(EXERCISE DIRECTIONS):
Go through the data below and repeat it exactly, skipping each picture.

(EXERCISE DATA):
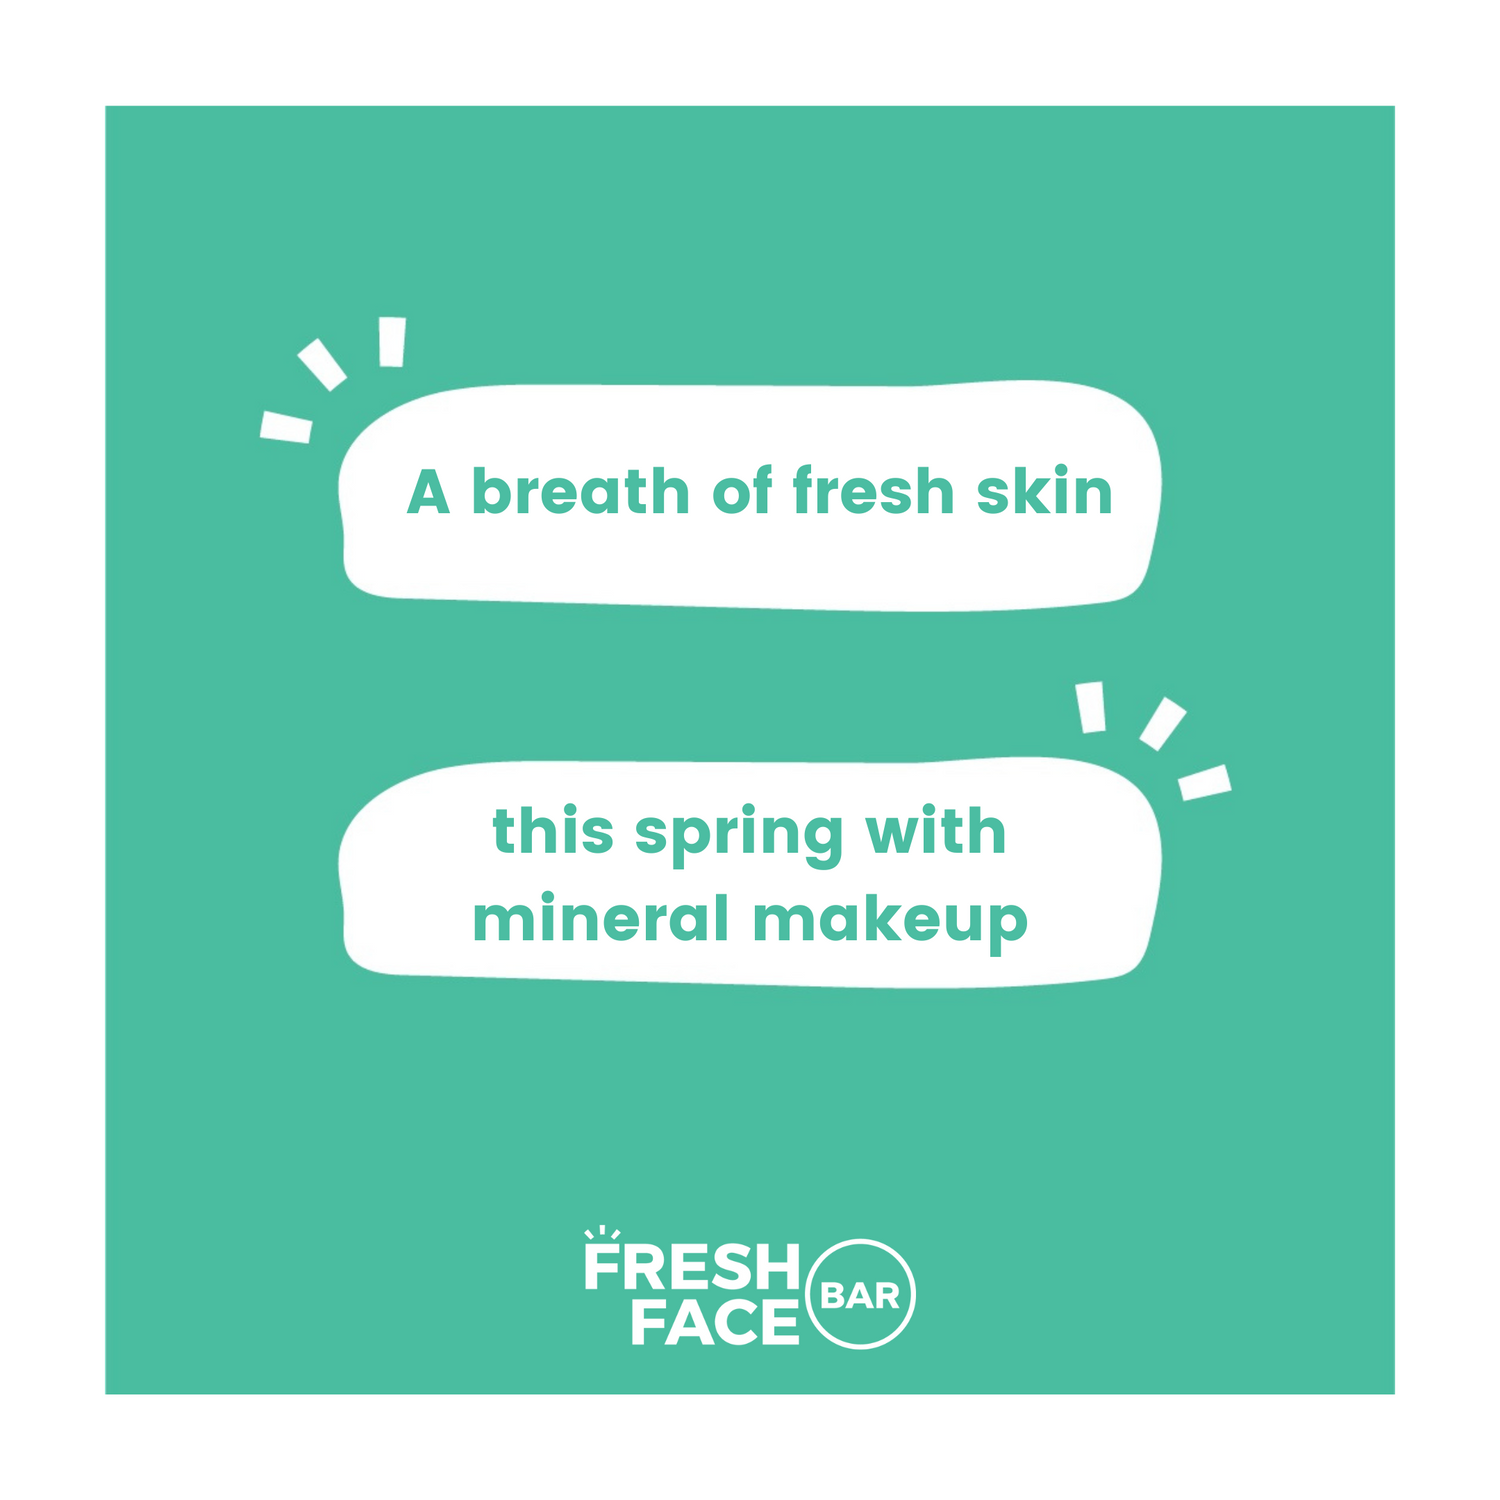 How Mineral Makeup is a breath of fresh skin for the Spring Season!
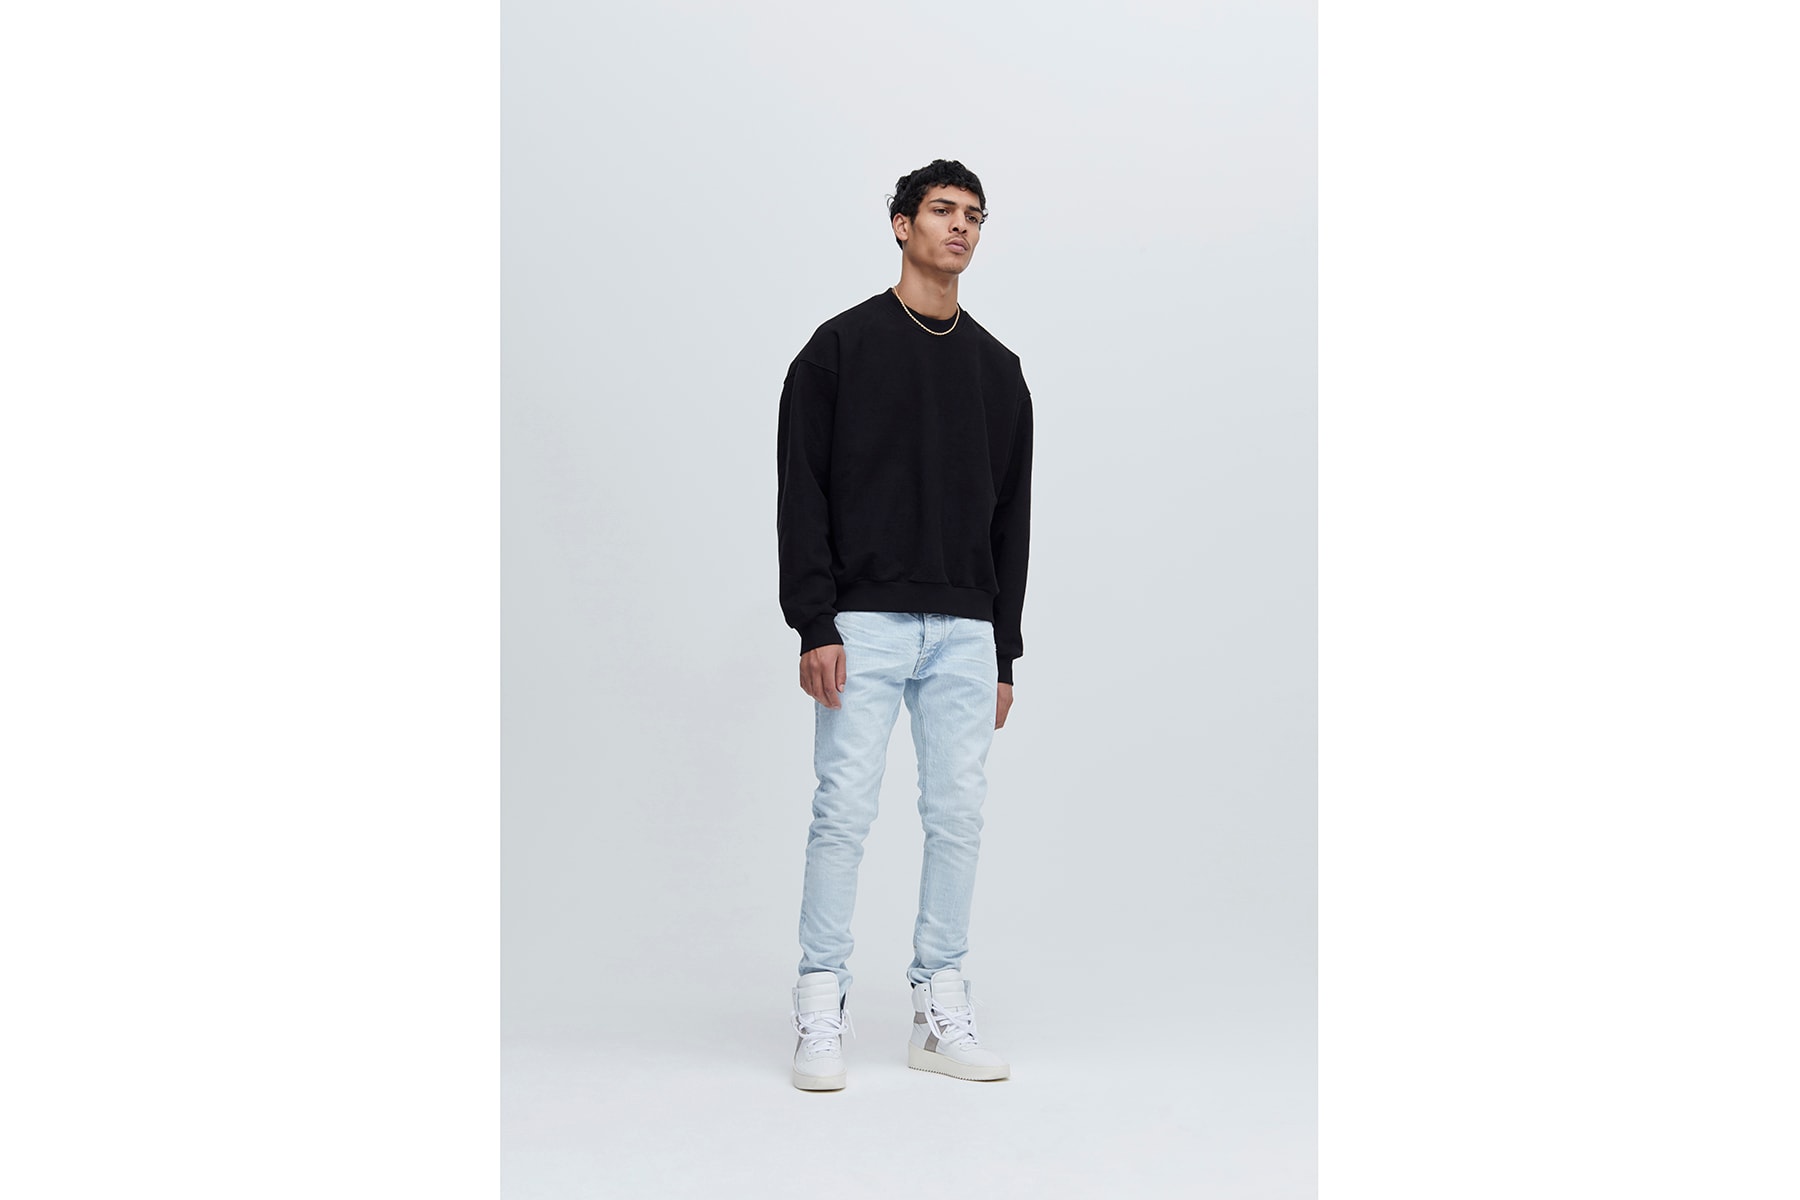 Fear of God Fifth Collection
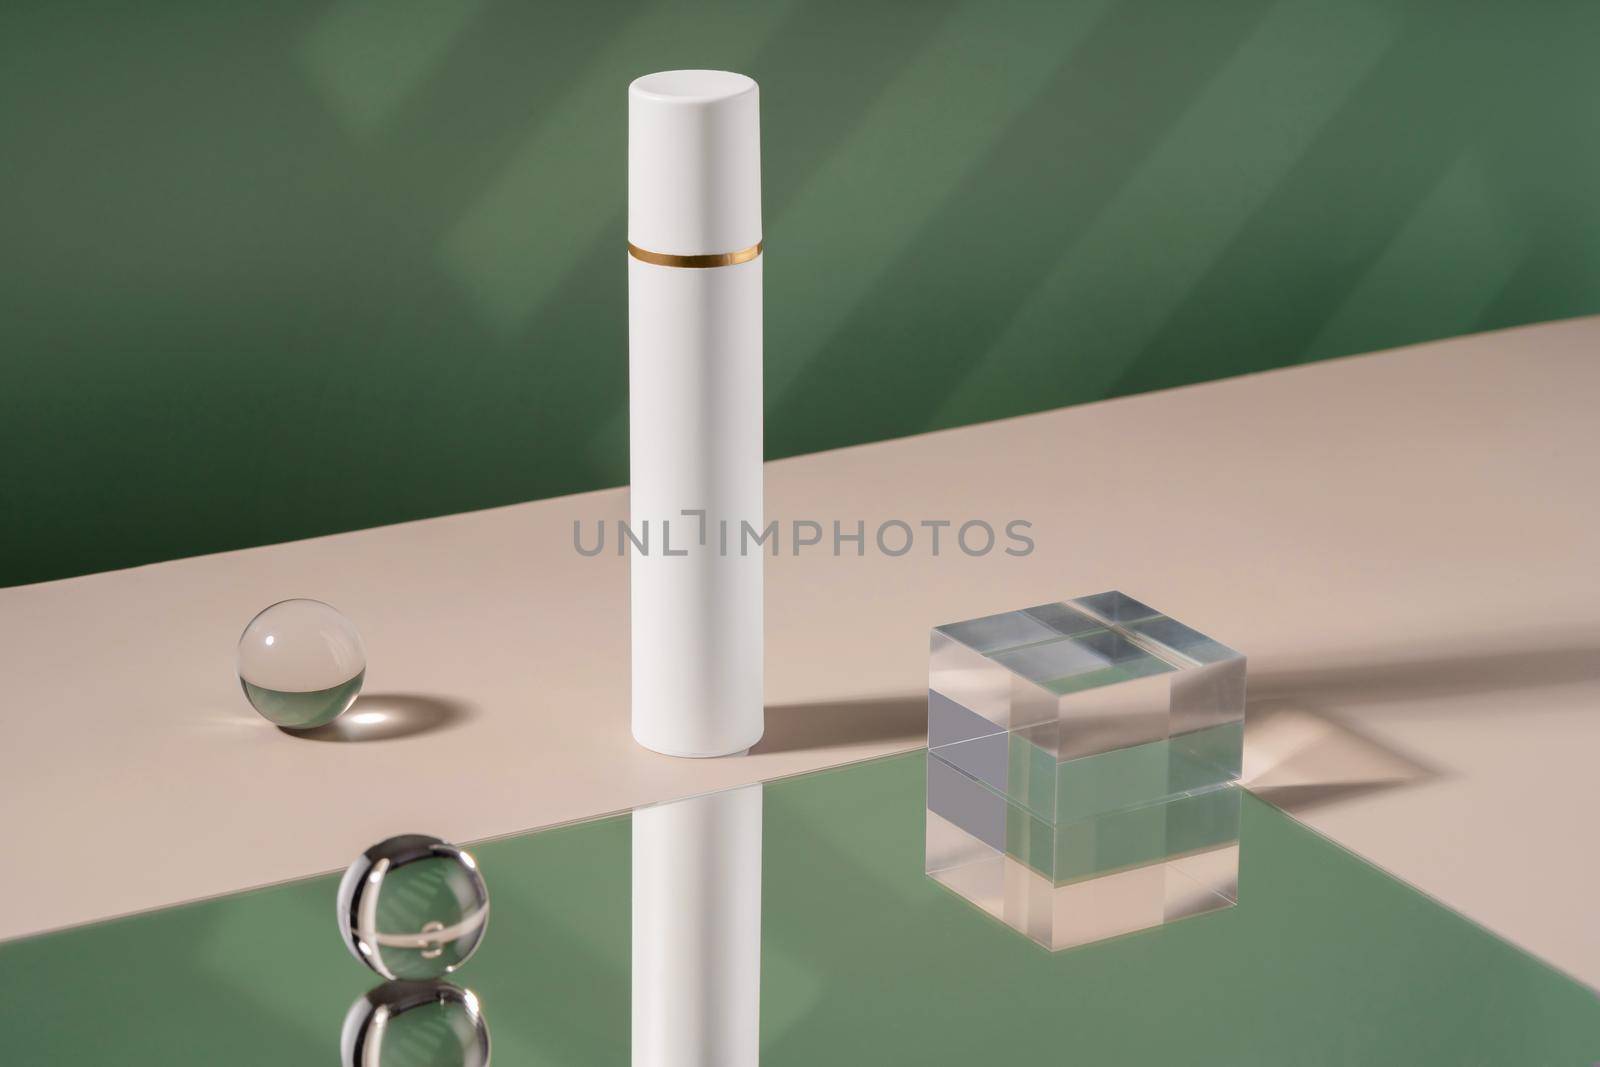 Cosmetic cream bottle mockup showcase product presentation with stylish props. Display mock up for advertising, cosmetics stand, branding scene with ball mirror, shadow light on green backdrop

(SOLVED EXERCISE):
 How Mineral Makeup is a breath of fresh skin for the Spring Season!
 Fear of God Fifth Collection
 Cosmetic cream bottle mockup showcase product presentation with stylish props. Display mock up for advertising, cosmetics stand, branding scene with ball mirror, shadow light on green backdrop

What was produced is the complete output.